This is what Mencius wrote:
"The Bull Mountain was once covered with lovely trees. But it is near the capital of a great state. People came with their axes and choppers; they cut the woods down, and the mountain has lost its beauty. Yet even so, the day air and the night air came to it, rain and dew moistened it. Here and there fresh sprouts began to grow. But soon cattle and sheep came along and browsed on them, and in the end the mountain became gaunt and bare, as it is now. And seeing it thus gaunt and bare, people imagine that it was woodless from the start.

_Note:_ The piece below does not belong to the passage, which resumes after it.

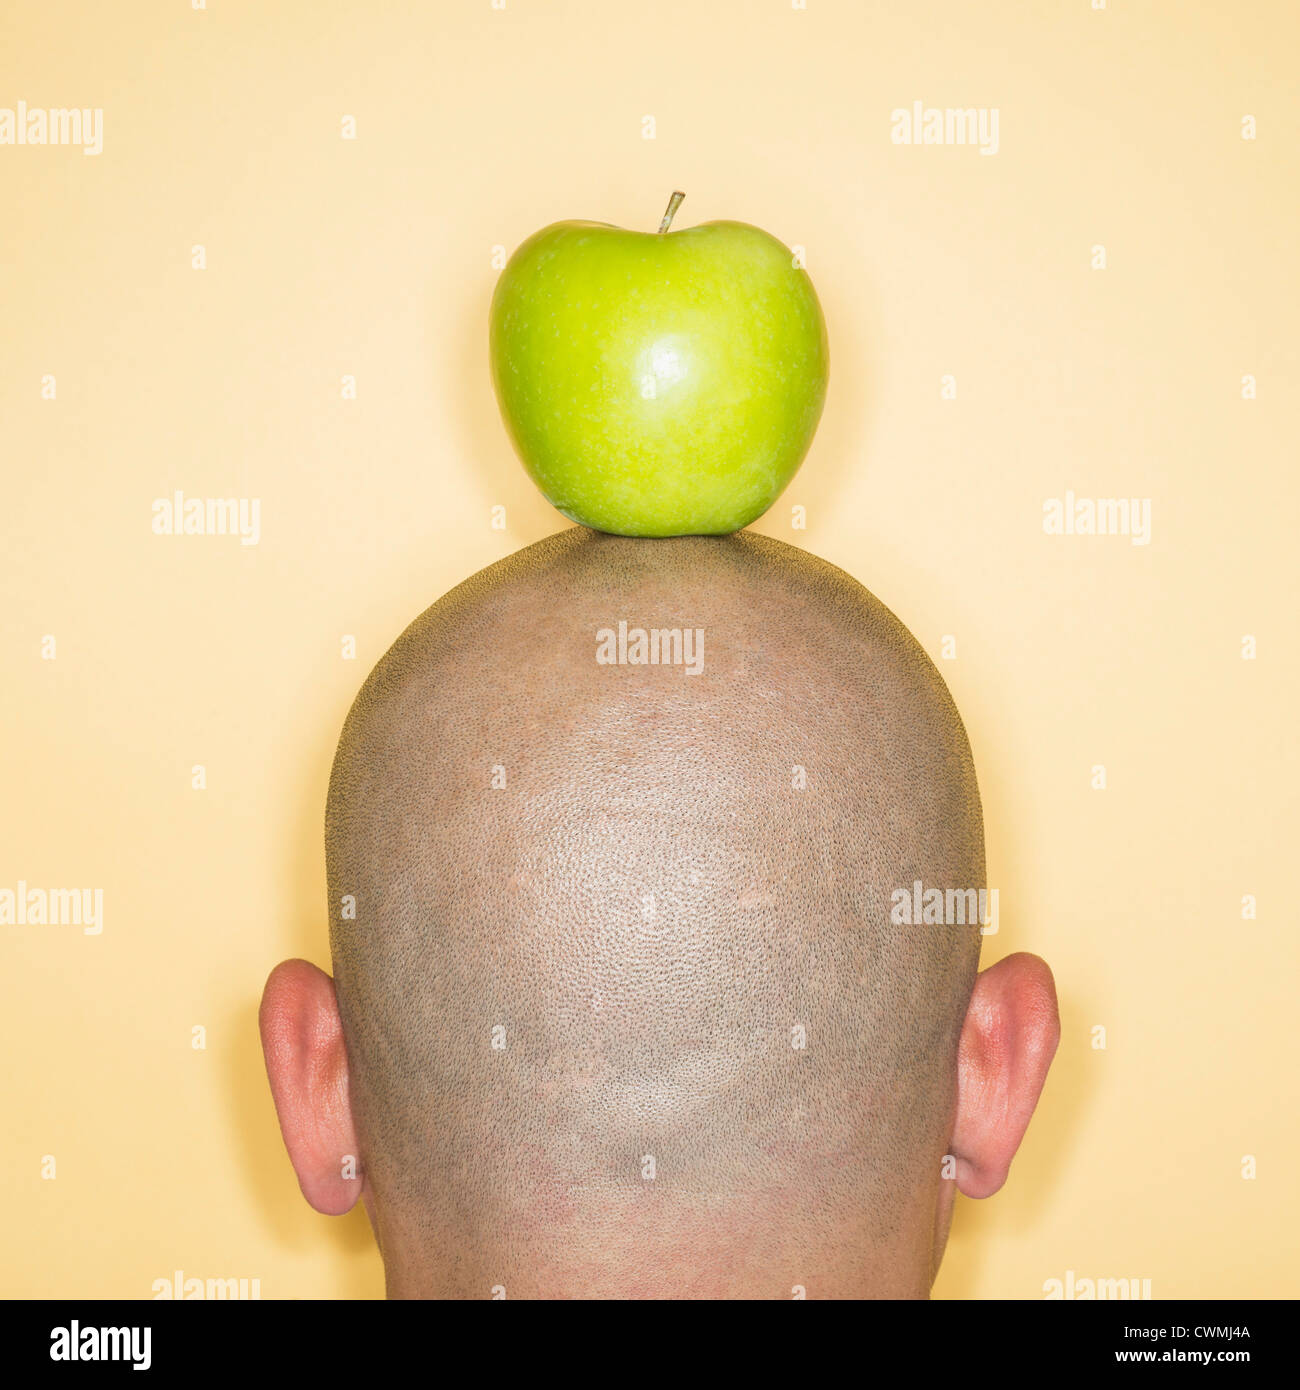 Back view of man with apple on head Stock Photo

Now just as the natural state of the mountain was quite different from what now appears, so too in every man (little though they may be apparent) there assuredly were once feelings of decency and kindliness; and if these good feelings are no longer there, it is that they have been tampered with, hewn down with axe and bill. As each day dawns, they are assailed anew. What chance then has our nature, any more than that mountain, of keeping its beauty? To us too, as to the mountain, comes the air of day, the air of night. Just at dawn, indeed, we have for the moment and in a certain degree a mood in which our promptings and aversions come near to being such as are proper to men. But something is sure to happen before the morning is over, by which these better feelings are either checked or else utterly destroyed. And in the end, when they have been checked again and again, the night air is no longer able to preserve them, and soon our feelings are as near as may be to those of beasts and birds; so that anyone might make the same mistake about us as about the mountain, and think that there was never any good in us from the very start. Yet assuredly our present state of feeling is not what we began with. Truly...'If rightly tended, no creature but thrives. If left untended, no creature but pines away'."Who among us is unaware of a person, or even an entire class of people, who are oppressed in their lives as those that Mencius referred to more than 2300 years ago?